Recorded data:
□ □ □ □ □

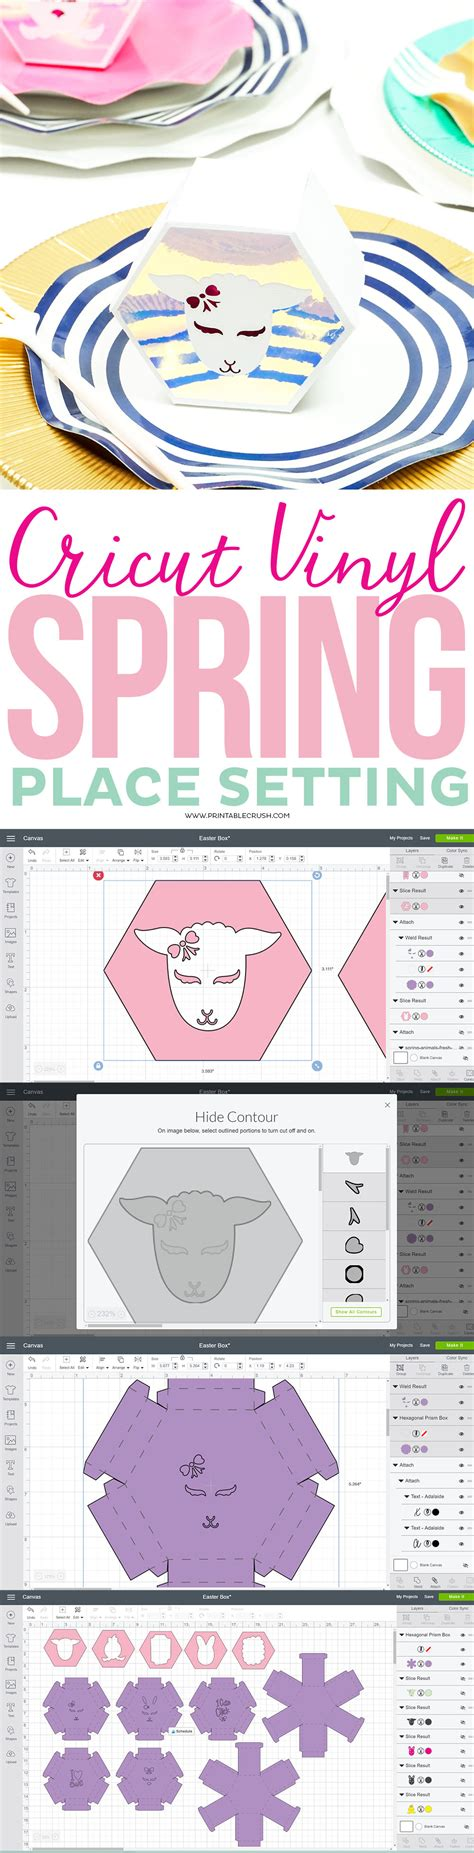 cricut printable vinyl tutorial gorgeous cricut vinyl spring place setting printable crush
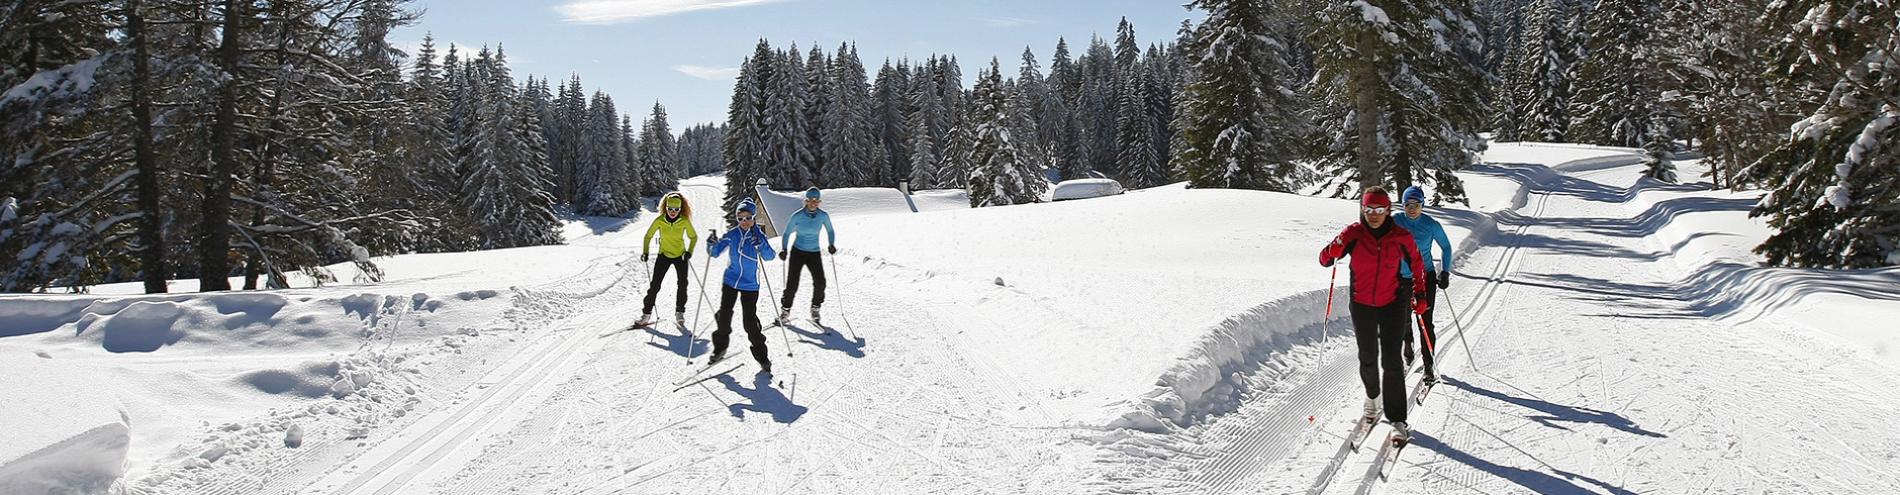 Woka loisirs - Activités Hivernales > Ski Nordique
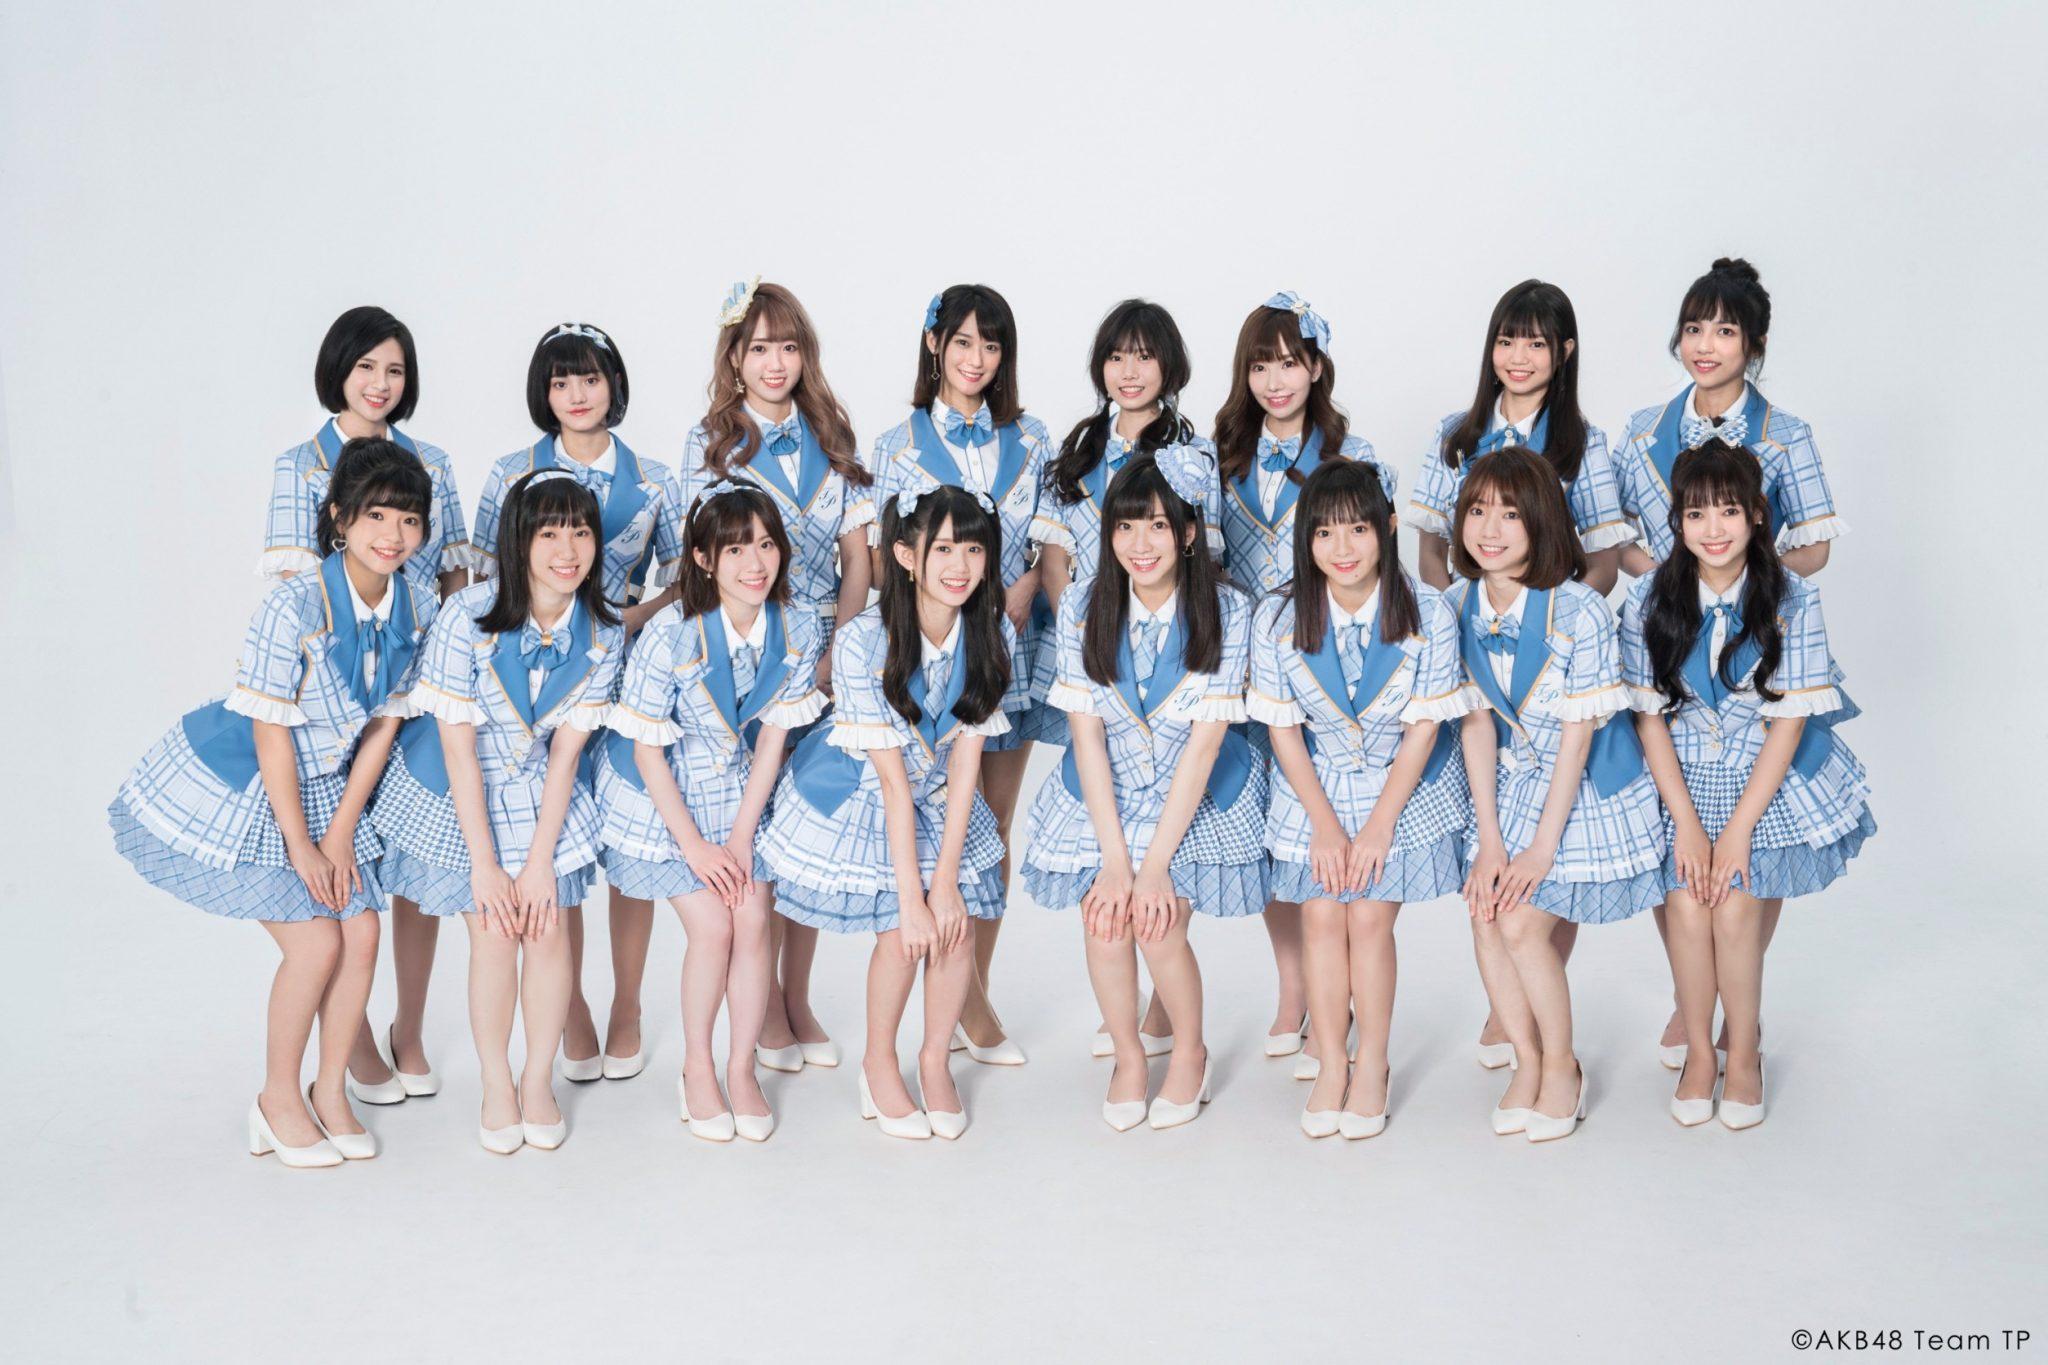 AKB48 Team TP推首张原创单曲《一秒一秒约好》全新水蓝格子制服曝光!-itotii
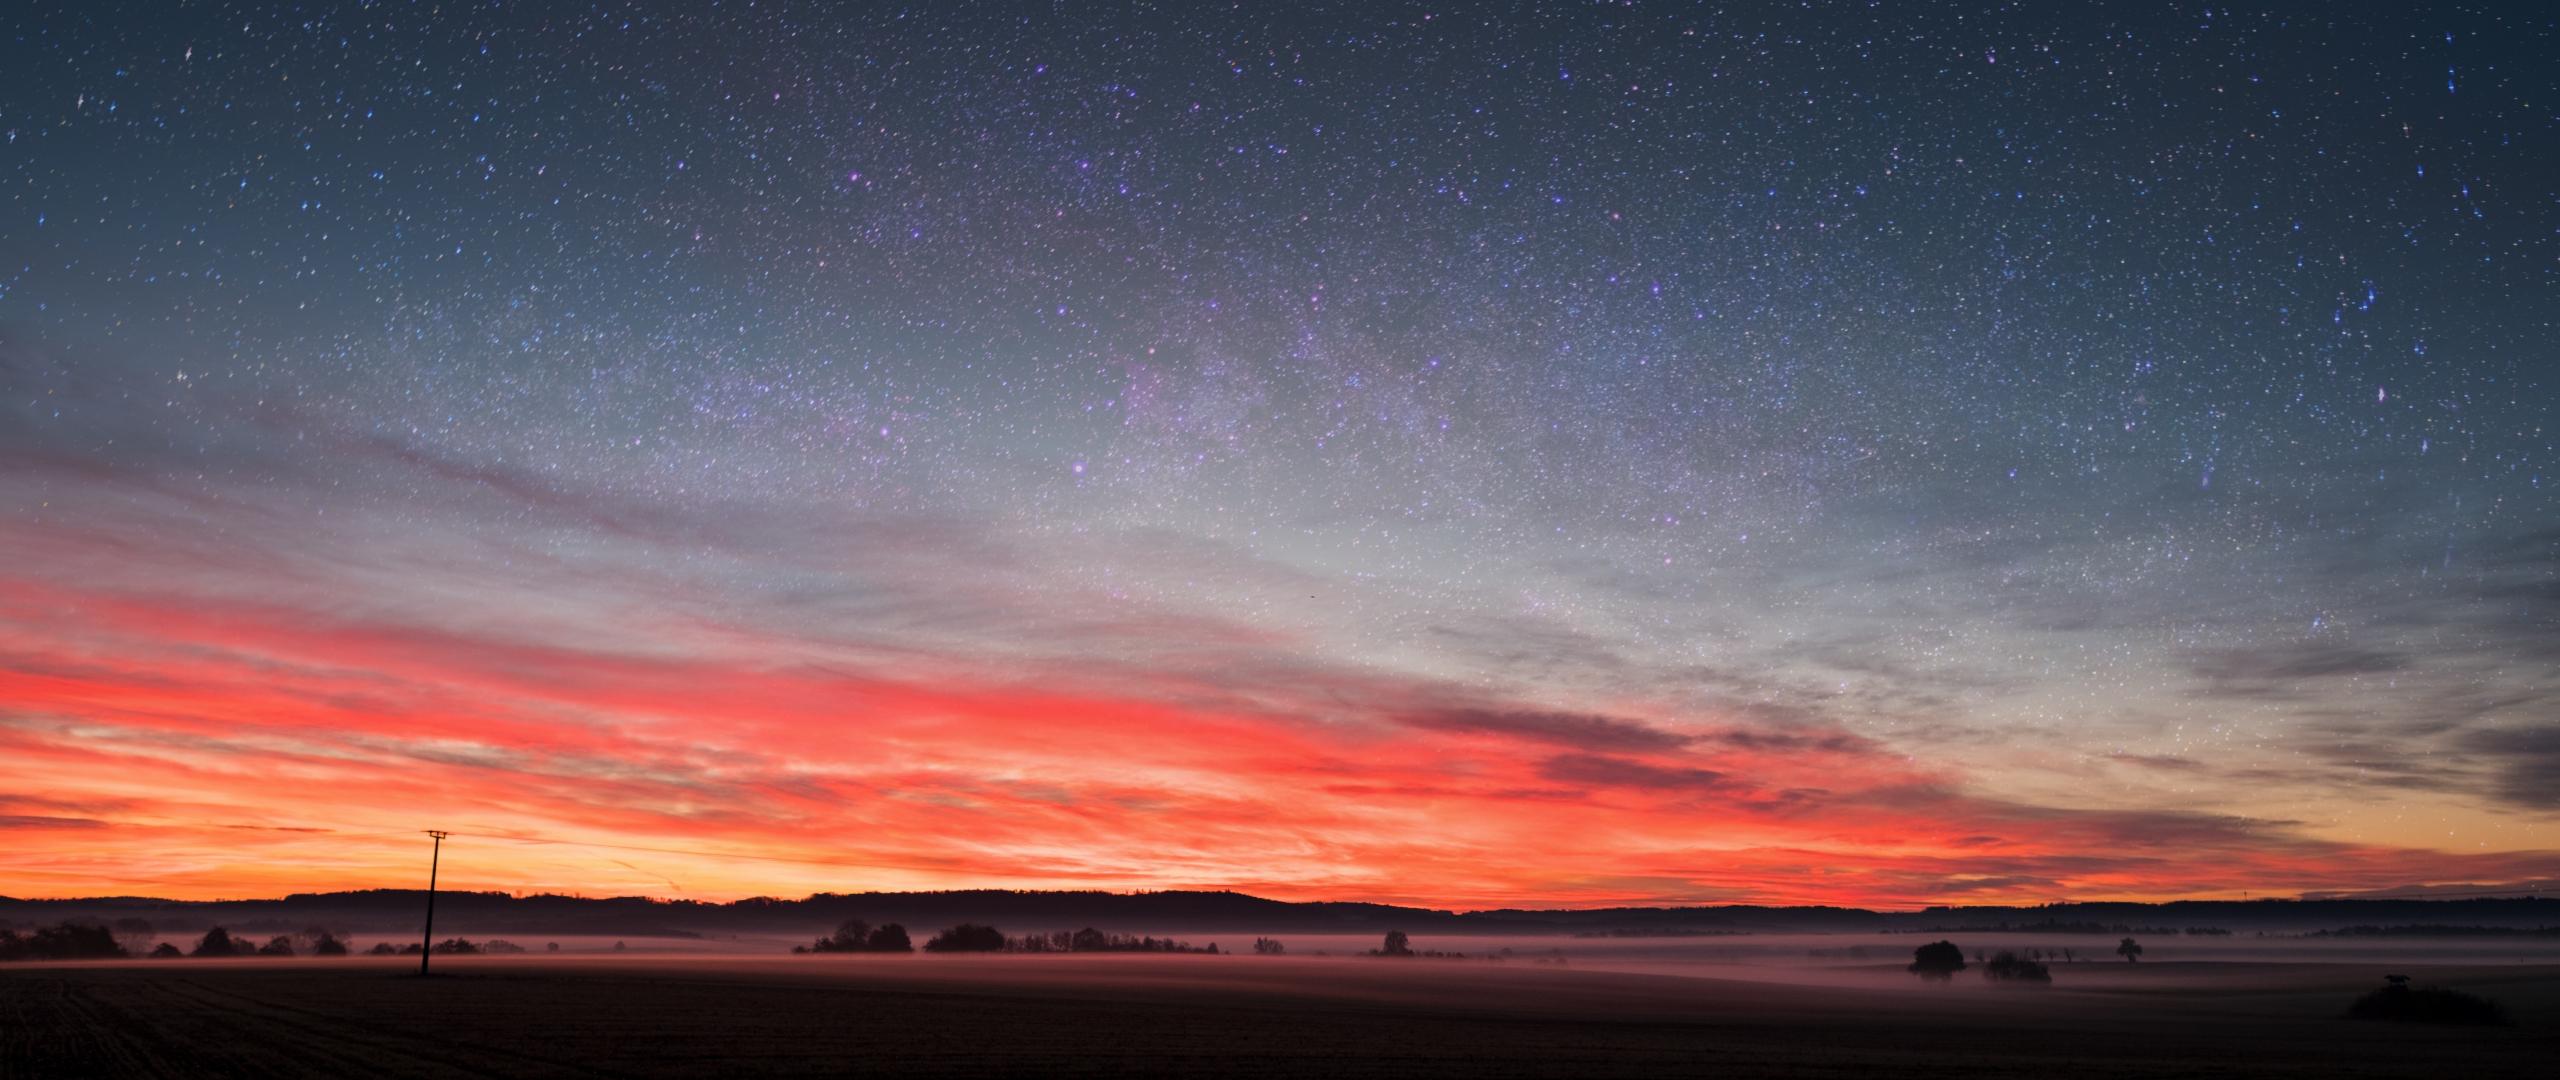 Download 2560x1080 Wallpaper Fog Sunset Silhouette

□ □ □ □ □

Set down the entire material verbatim, with each picture left out.

 cricut printable vinyl tutorial gorgeous cricut vinyl spring place setting printable crush
 Woka loisirs - Activités Hivernales > Ski Nordique
 AKB48 Team TP推首张原创单曲《一秒一秒约好》全新水蓝格子制服曝光!-itotii
 Download 2560x1080 Wallpaper Fog Sunset Silhouette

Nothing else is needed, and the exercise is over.